Some helpful consensus has developed in this debate; participants have expressed, to greater or lesser degrees, a desire to promote investment and innovation in these services by protecting them from unnecessary regulation. Participants diverge, however, over what regulation is "unnecessary." Some argue that any state rules should be limited to imposing "social" obligations (e.g., access to emergency services, universal service, access by persons with disabilities) that fall short of comprehensive regulation of rates, terms and conditions. These obligations often are imposed based on an assumption that the benefits pursued are "public goods" that government must provide in light of "market failure." Others argue that states should be allowed also to impose "economic" obligations governing general terms and conditions of service. Such regulation could manifest as retail price and other controls or as wholesale requirements regarding interconnection, unbundling and the like.
In the context of federal-state relations, this debate over regulatory philosophy boils down to a central question: should states be limited to administering social obligations, or should they also be allowed to engage in economic regulation? The California consumer bill of rights reflects the fact that this question has not yet been answered satisfactorily.
The bulk of the "rights" in the California measure, of course, easily fall into the category of social regulation. Among others, the bill includes provisions relating to consumer fraud, disclosure of "911" availability and information regarding the terms and specifications of service, as well as various aspects of privacy and personal security protection.
Several other provisions of the bill, however, contemplate state economic regulation, such as rights to access Internet content and to purchase broadband services without purchasing local phone service from the same company. There are no mandates attached to these provisions at present, and the bill of rights does not itself expand state jurisdiction regarding interstate services such as broadband Internet access. But these omissions may just beg (for now) the question of what the state would do if these "rights" are violated. And certainly, states adopting similar measures may not include such omissions at all.

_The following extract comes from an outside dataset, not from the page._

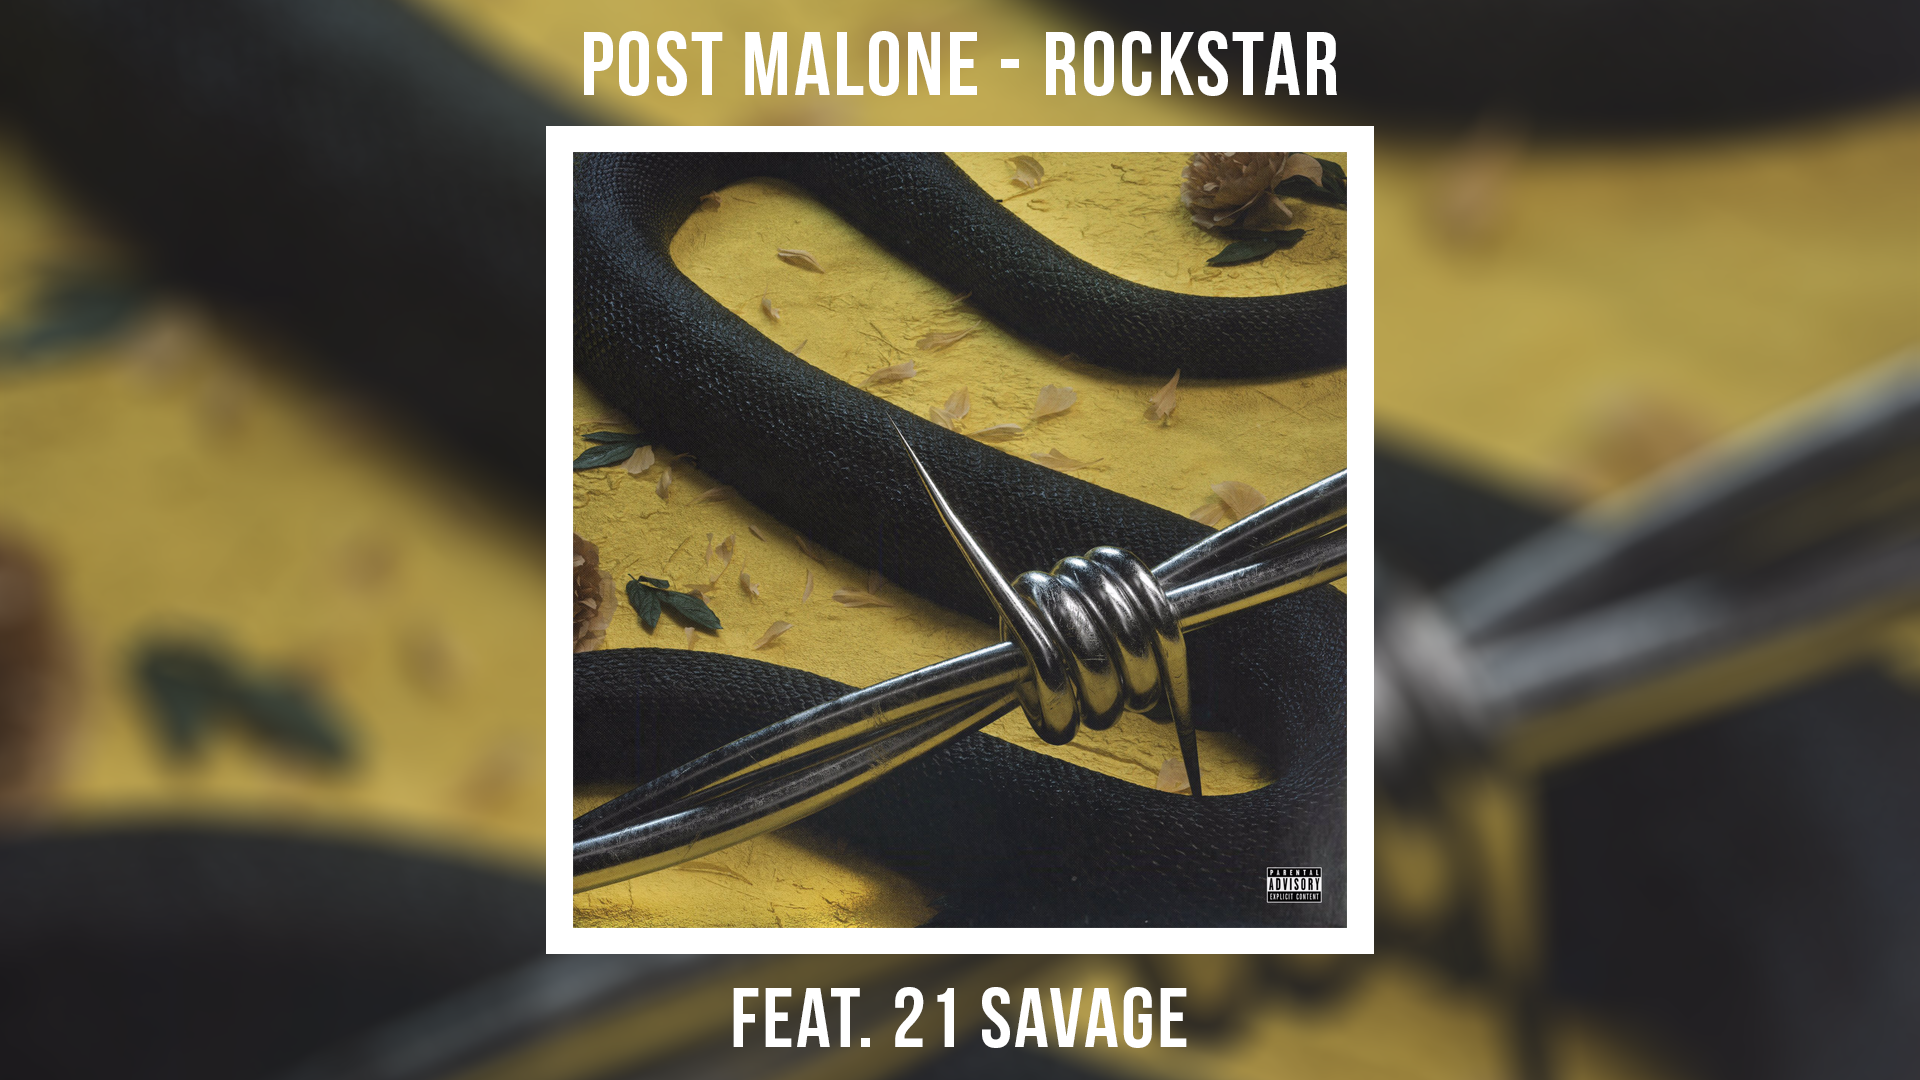 Post 21 rockstar. Post Malone 21 Savage Rockstar. Post Malone Rockstar обложка. Rockstar Post Malone 21 Savage обложка. Post Malone Rockstar ft. 21 Savage обложка.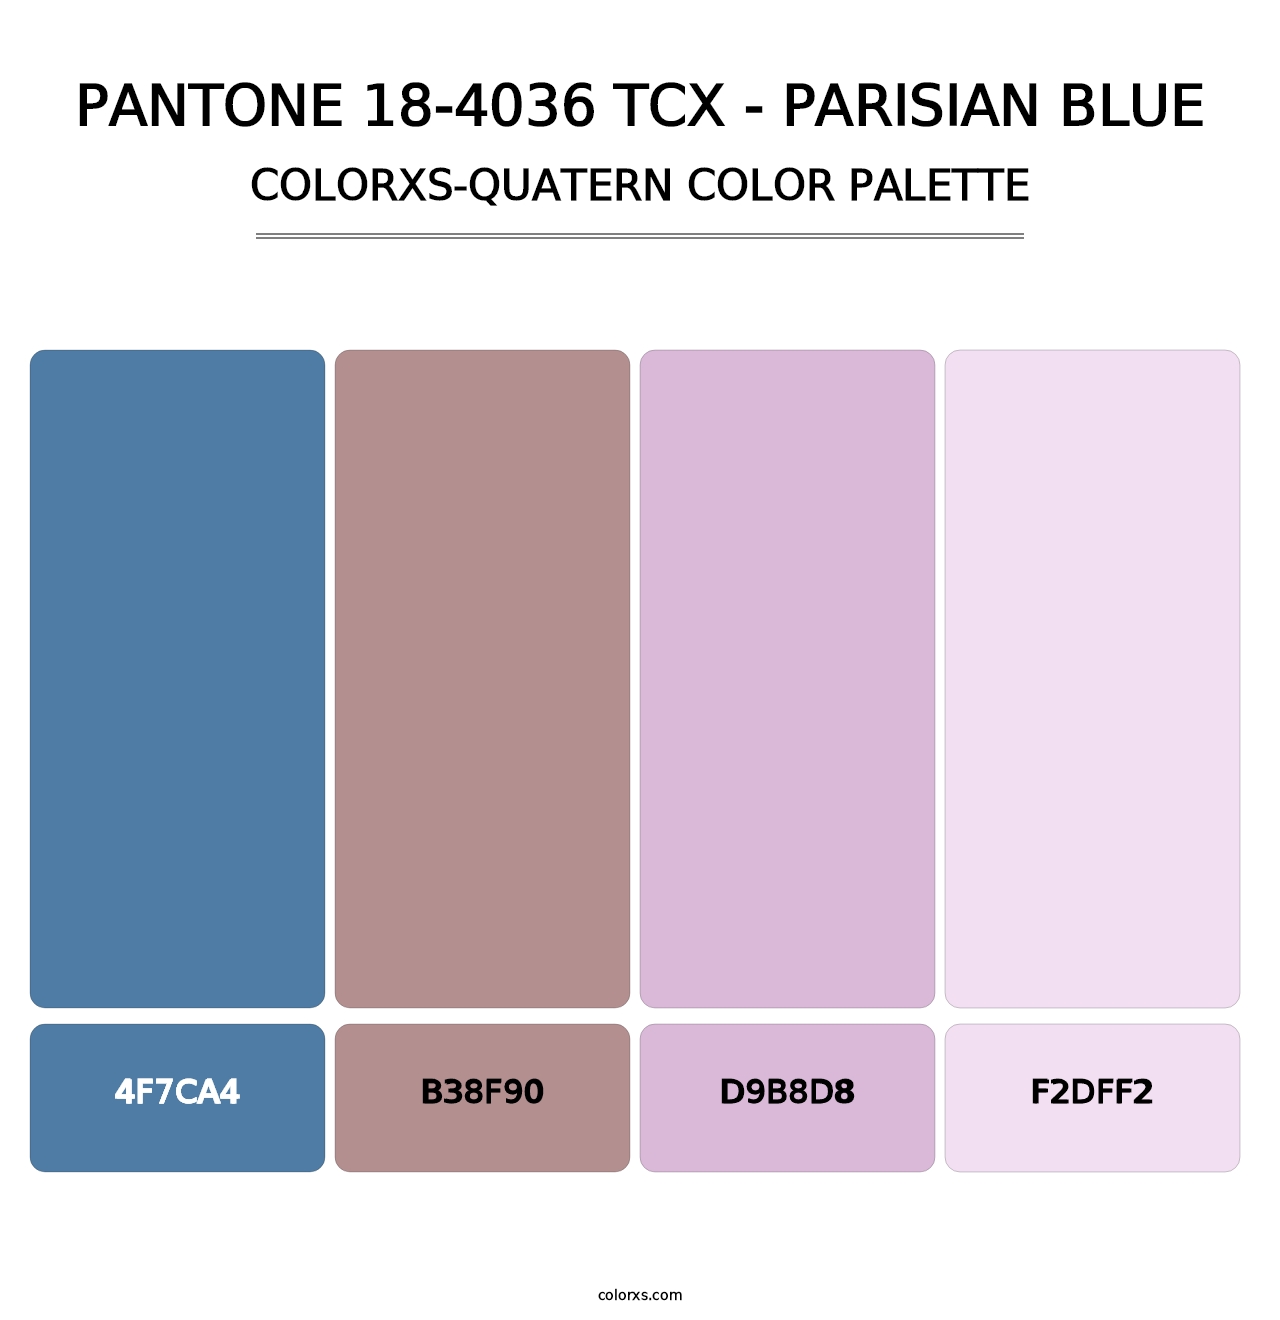 PANTONE 18-4036 TCX - Parisian Blue - Colorxs Quatern Palette

There can be disagreement regarding whether state measures such as the California bill of rights are good or bad. But there can be no disagreement that the next round of telecom reform must establish clearer roles for states in regulating communications. And figuring that out must go beyond asking "what states are good for" to address core questions of what kinds of rules -- social or economic -- should apply to emerging technologies, no matter which jurisdiction administers them.